### TO DO
Print the data below verbatim, minus images.

+++ DATA BLOCK

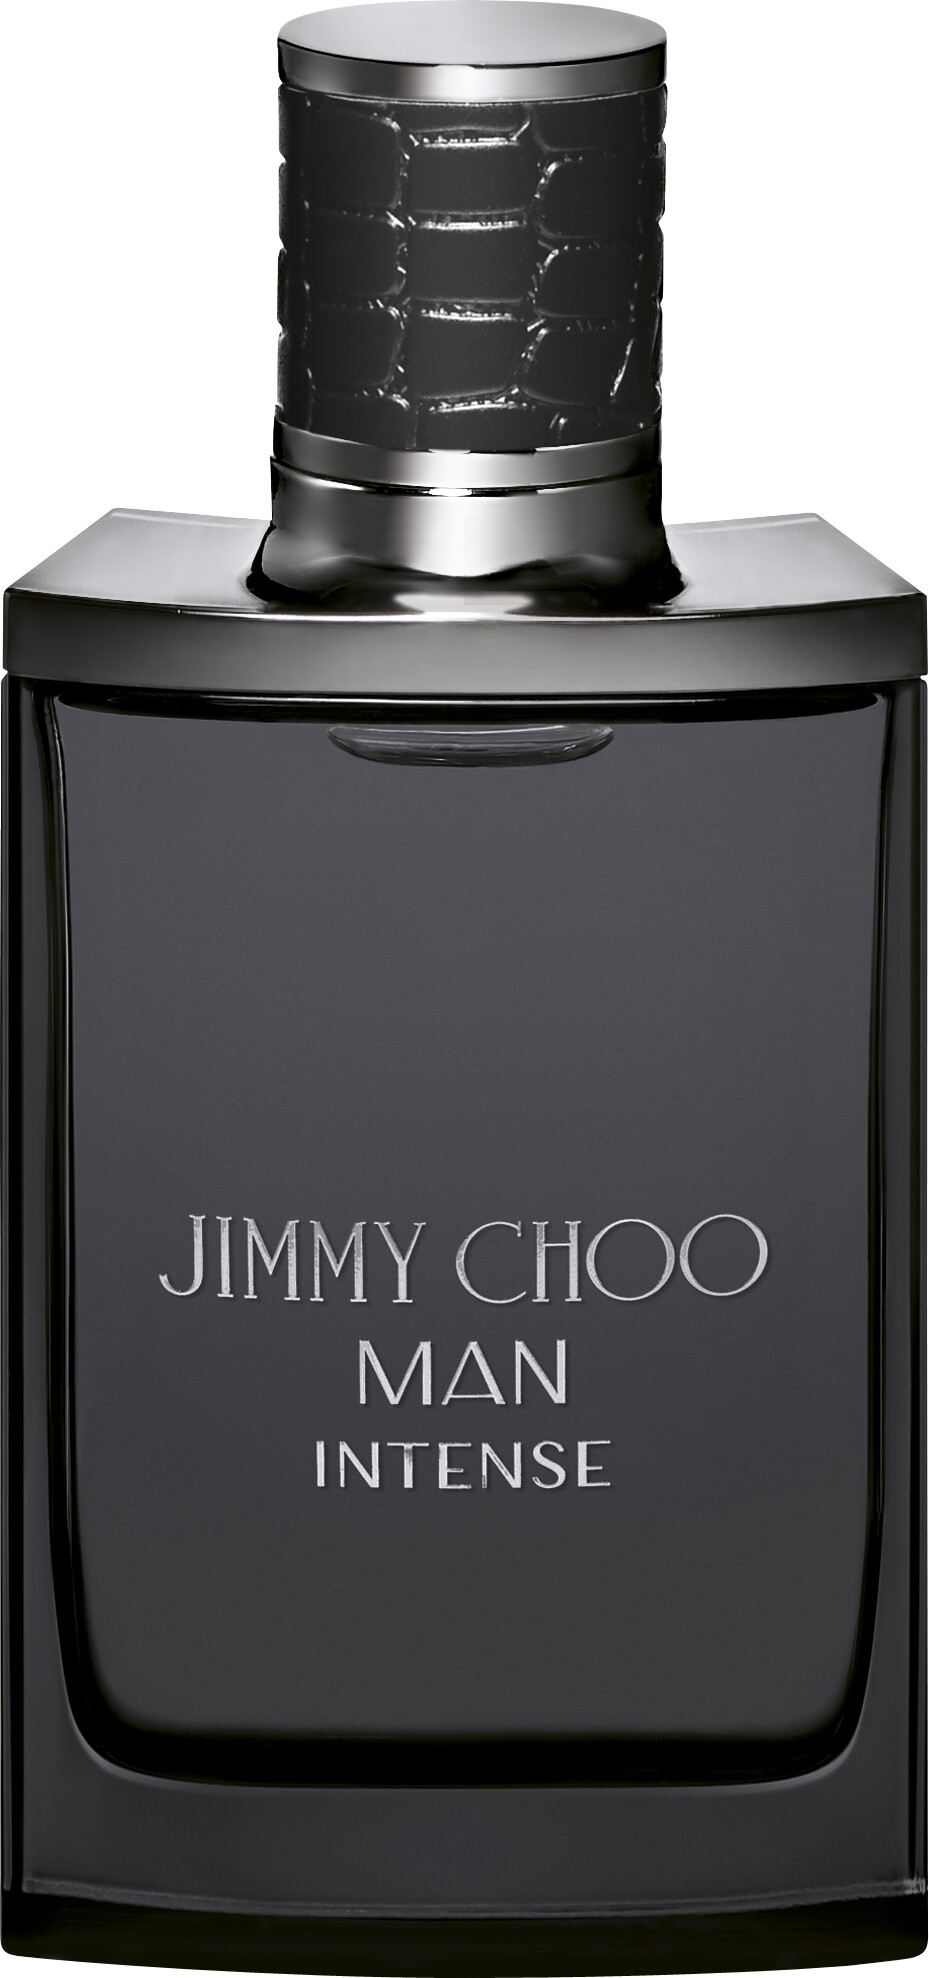 Jimmy Choo Man Intense Eau de Toilette Spray 50ml
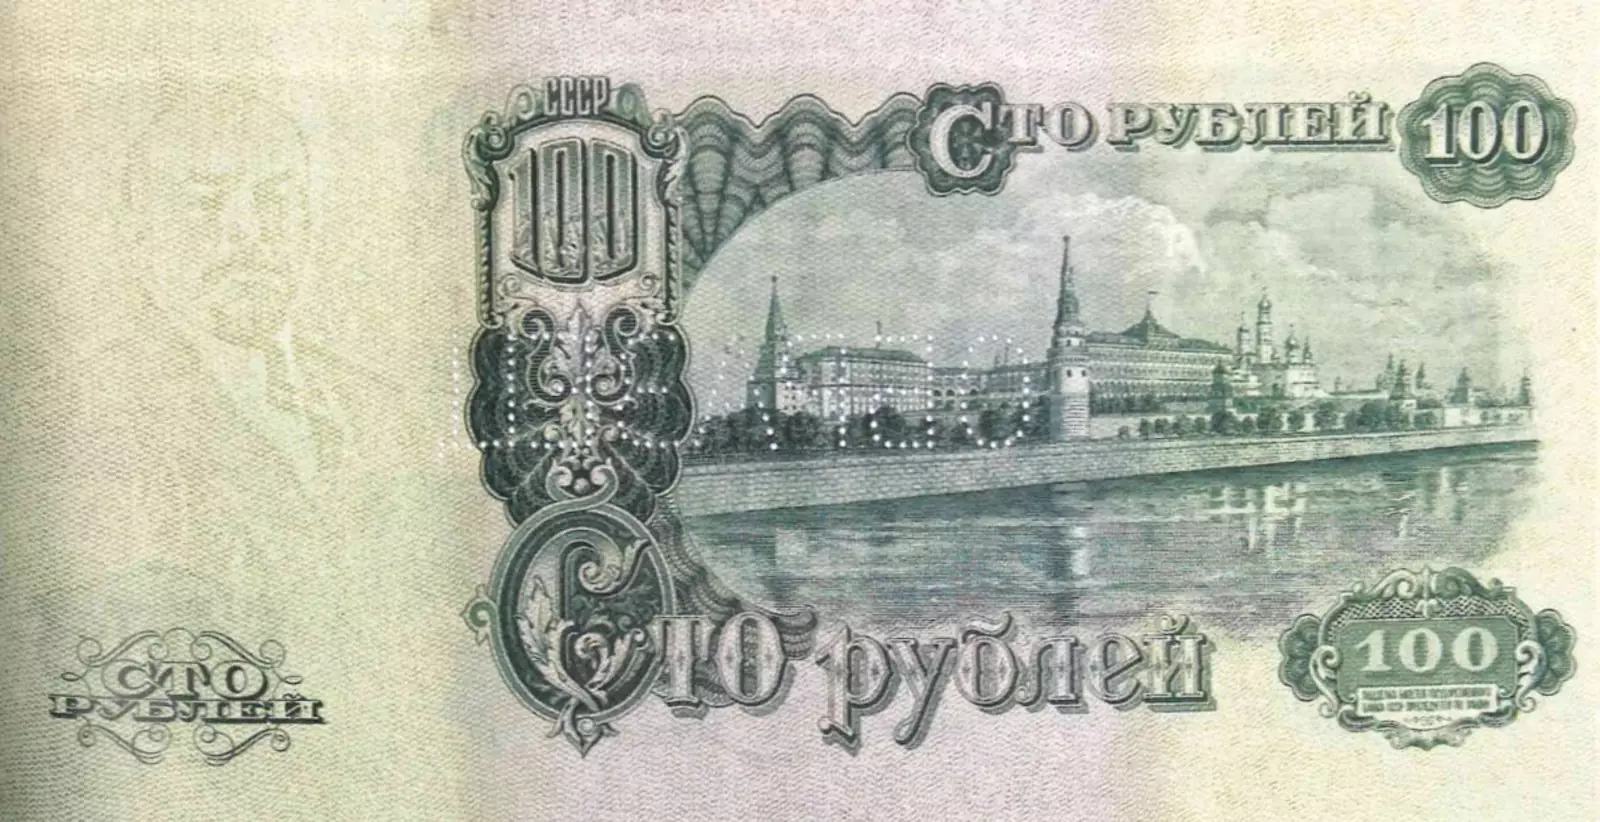 100 рублей образца 1947 года, оборотная сторона.Из фондов ФГУП «Гознак»
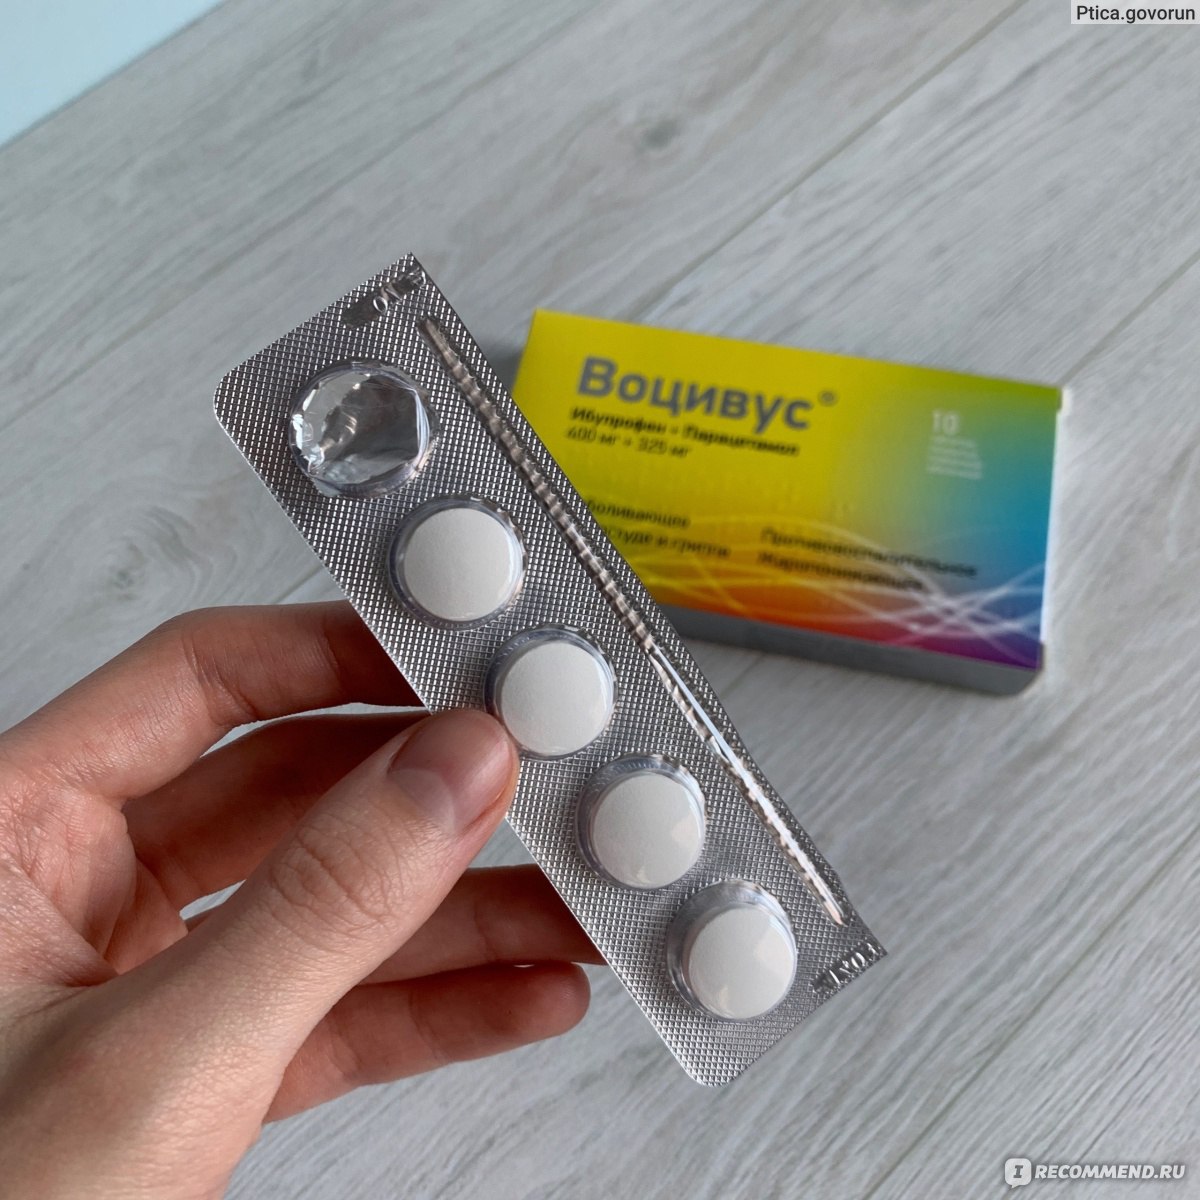 Лекарственный препарат Медисорб АО Воцивус - «Та самая таблетка 
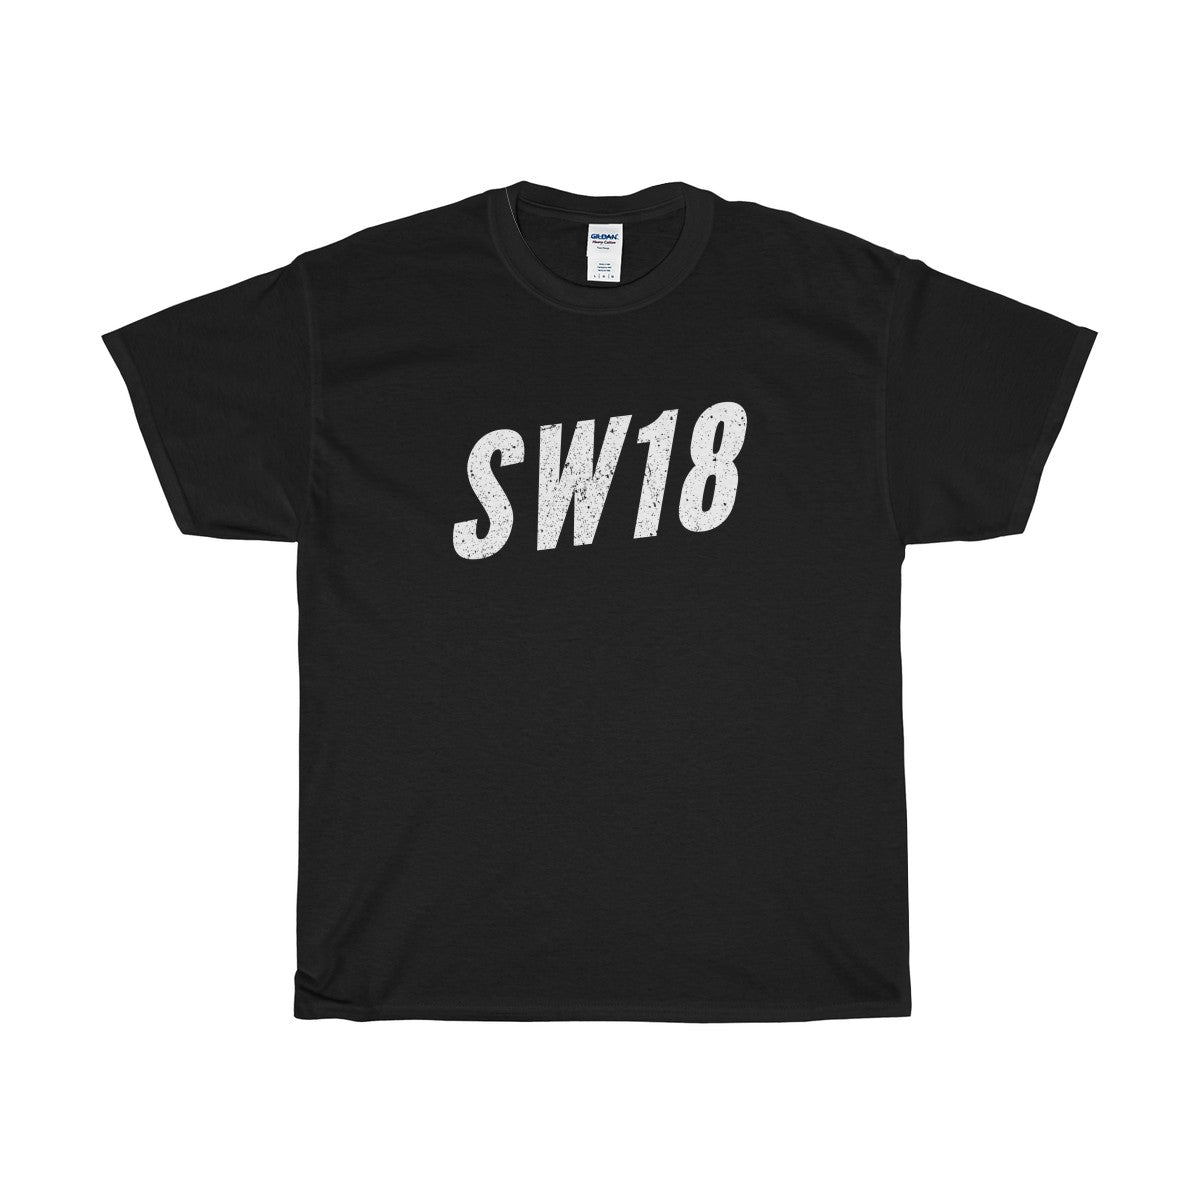 Earlsfield SW18 T-Shirt

++++++

### SOLUTION FOR THIS TASK
 Jimmy Choo Man Intense Eau de Toilette Spray 50ml
 100 рублей образца 1947 года, оборотная сторона.Из фондов ФГУП «Гознак»
 Лекарственный препарат Медисорб АО Воцивус - «Та самая таблетка 
 Earlsfield SW18 T-Shirt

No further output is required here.